La hermana Leonore empalideció y dejó a un lado su trabajo, se sentó y se cubrió la cara con las manos. Permaneció así un buen rato antes de atreverse a mirar a Cecilia Rosa, que también se había sentado.

—¿No pensarás delatarnos? —susurró finalmente la hermana Leonore con una voz tan débil que apenas era perceptible.

—¡No, hermana, desde luego que no! —respondió Cecilia Rosa, indignada—, Seguramente sabrás que me encuentro aquí en Gudhem como castigo y penitencia porque por amor cometí el mismo pecado que tú. Nunca te delataré, pero quiero advertirte. Tarde o temprano seréis descubiertos por alguien que irá a contárselo a la madre Rikissa o, en el peor de los casos, os descubrirá ella misma. Sabes igual de bien que yo lo malvada que es esa mujer.

—Creo que la Virgen María nos ha perdonado y nos protege —dijo la hermana Leonore después de un rato. Pero miraba al suelo como si no estuviese demasiado segura de sus palabras.

—Le has prometido tu castidad, ¿cómo puedes entonces pensar de forma tan despreocupada que te perdona tu promesa rota? —preguntó Cecilia Rosa, más confundida que indignada por los pecaminosos pensamientos que la hermana Leonore demostraba de forma tan descarada.

—Porque nos ha protegido. Nadie más que tú, quien nos desea bien, nos ha visto y comprendido. Porque el amor es un regalo maravilloso, ¡lo que más que cualquier otra cosa hace que la vida valga la pena! —contestó la hermana Leonore subiendo la voz como en actitud de desafío, como si ya no temiese que la oyesen unos oídos equivocados.

Cecilia Rosa se quedó sin habla. Fue como si de repente se hallase en lo alto de una torre y viese unas extensiones cuya existencia sólo había podido sospechar, pero como si a la vez sintiese miedo de resbalar y caer. Que una hermana casada con Dios fuese a romper sus promesas era algo que nunca habría sido capaz de pensar; su propio pecado, el hacer lo mismo que había hecho la hermana Leonore, pero hacerlo con su propio prometido y no con un monje que también había pronunciado los votos, era en comparación un pecado menor, aunque claramente era un pecado. El amor era un regalo de Dios a las personas, había pruebas de ello en las Sagradas Escrituras. Era difícil comprender que el amor pudiese estar también entre los peores de los pecados.

Cecilia Rosa recordó una historia que de forma pensativa relató a la hermana Leonore, al principio un tanto entrecortada mientras buscaba en la memoria.

Trataba de una doncella Gudrun que había sido forzada a celebrar la cerveza de matrimonio con un viejo con el que no deseaba convivir en absoluto.
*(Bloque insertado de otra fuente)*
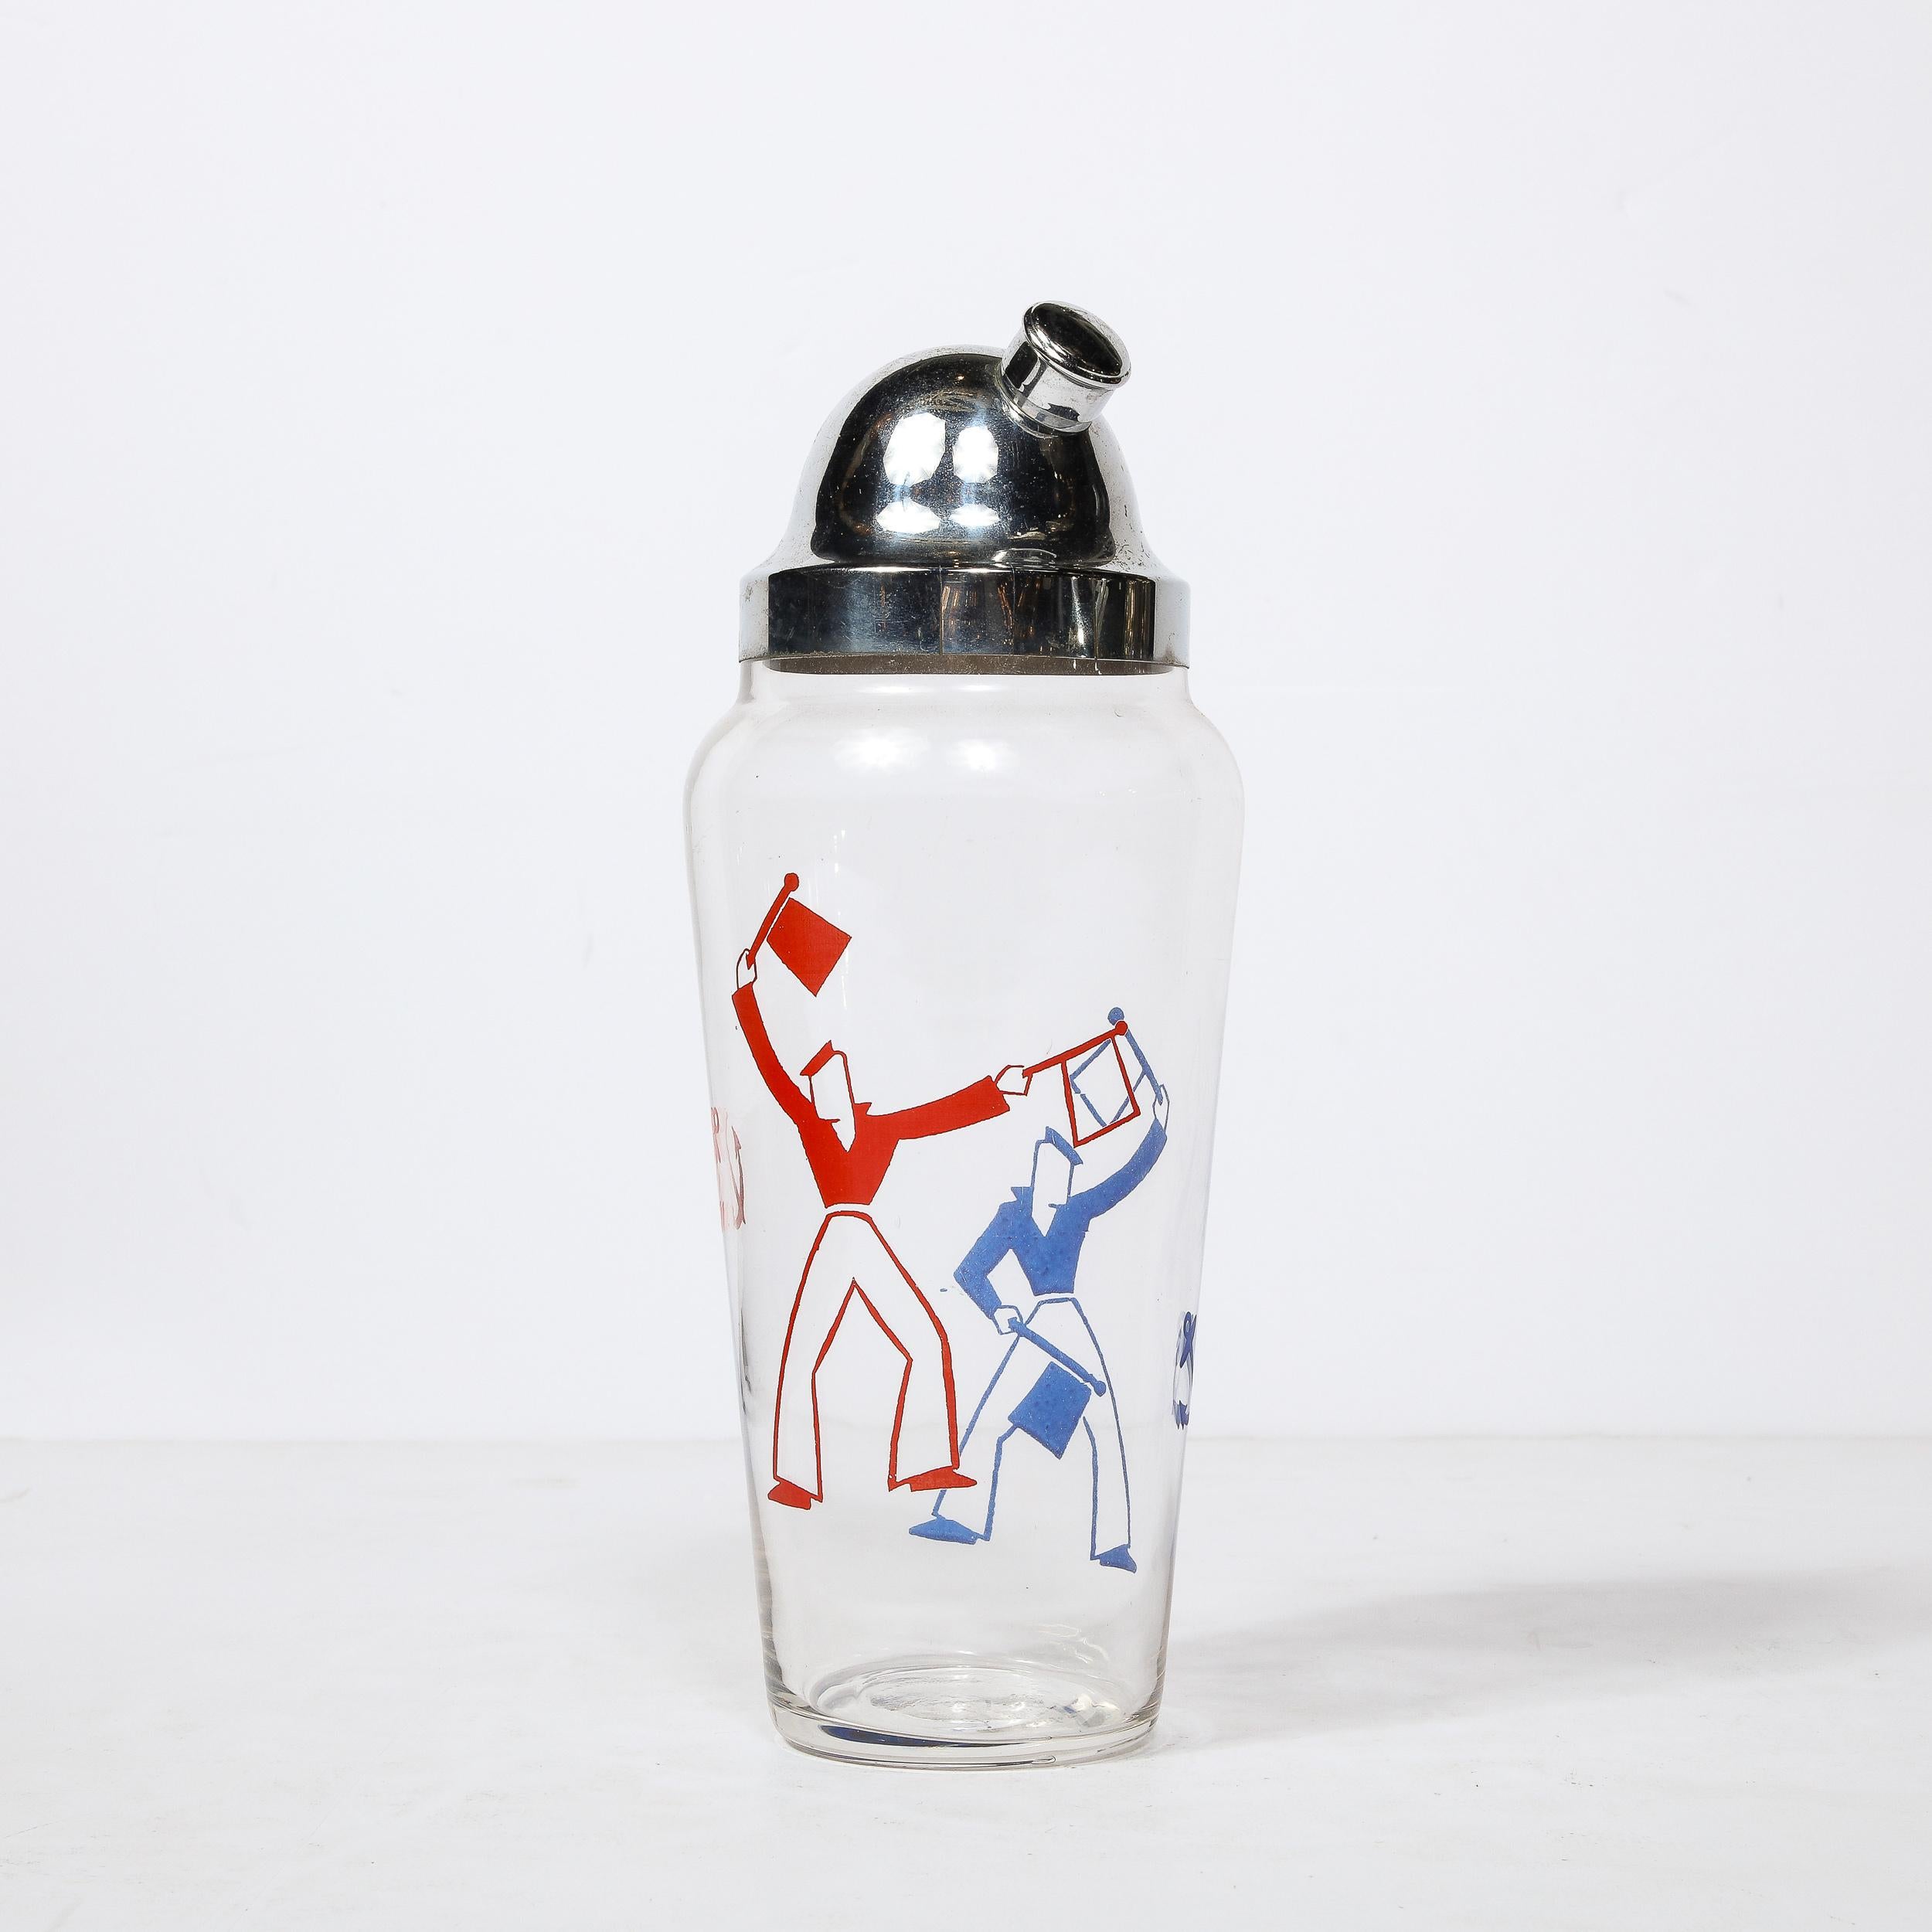 Art Deco Whimsical Cocktail Shaker in Chrome with Sailors in Red and Blue  5

Sobre todo porque amaba a un muchacho llamado Gunnar. Y estos dos jóvenes que se amaban nunca perdieron la esperanza acerca del amor y finalmente sus oraciones acabaron por conmover a Nuestra Señora, de modo que les envió una salvación maravillosa y según se sabía vivían todavía hoy juntos y felices.
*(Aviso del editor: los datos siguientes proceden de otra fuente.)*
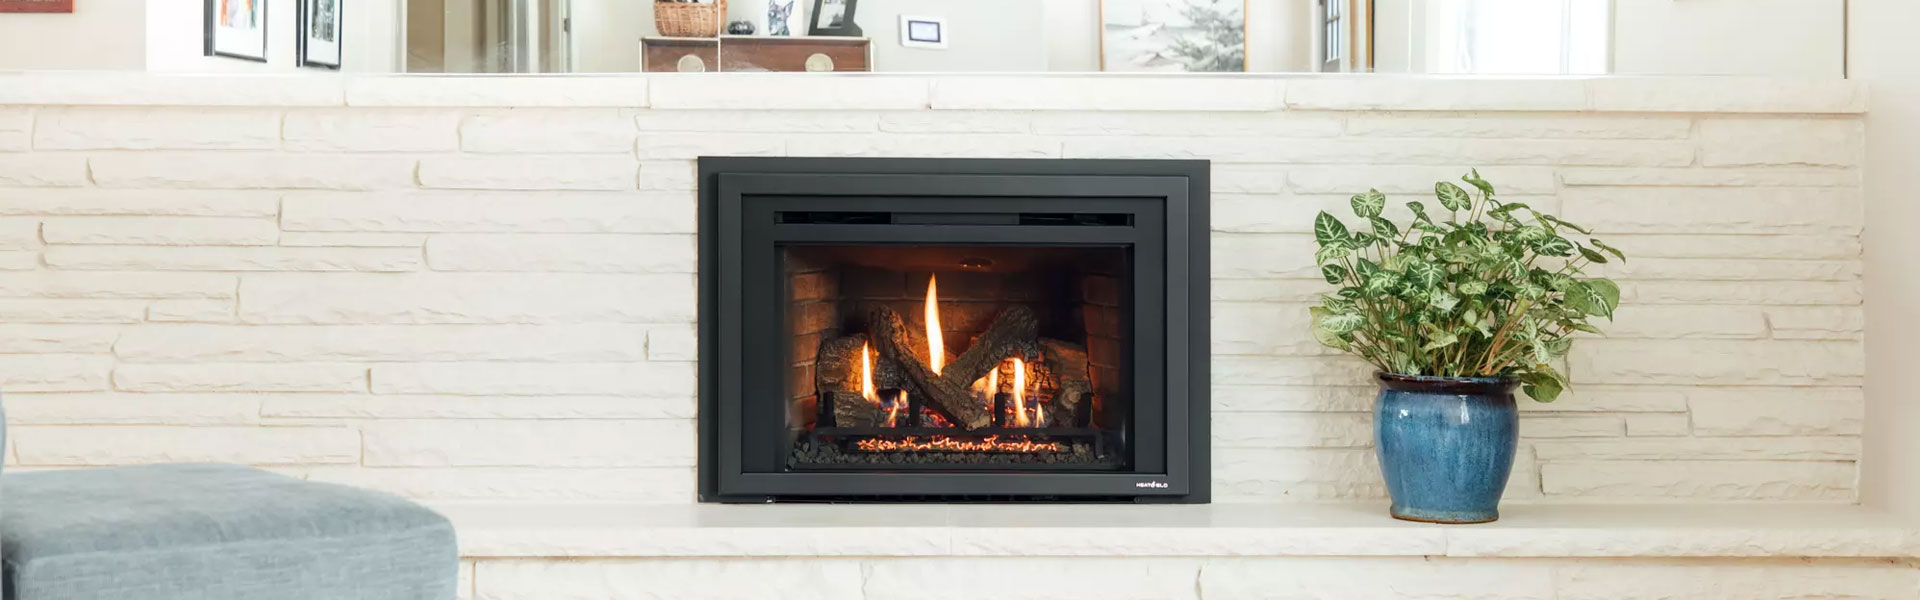 How to Install a Gas Fireplace Insert

La hermana Leonore también había oído esa historia, pues era bien conocida en Varnhem y el hermano Lucien se había aferrado a ella. Nuestra Señora había enviado a un niño monacal de Varnhem a cruzarse por el camino de hombres malvados y el niño monacal había matado, ausente de culpa propia, al viejo que habría bebido la cerveza de matrimonio con la doncella Gudrun. Por tanto, por amor de Dios y con fe en ese amor imperturbable, todos los pecados podían menguar. Incluso un asesinato podía no ser pecado si Nuestra Señora se apiadaba de los amantes que le suplicaban ayuda.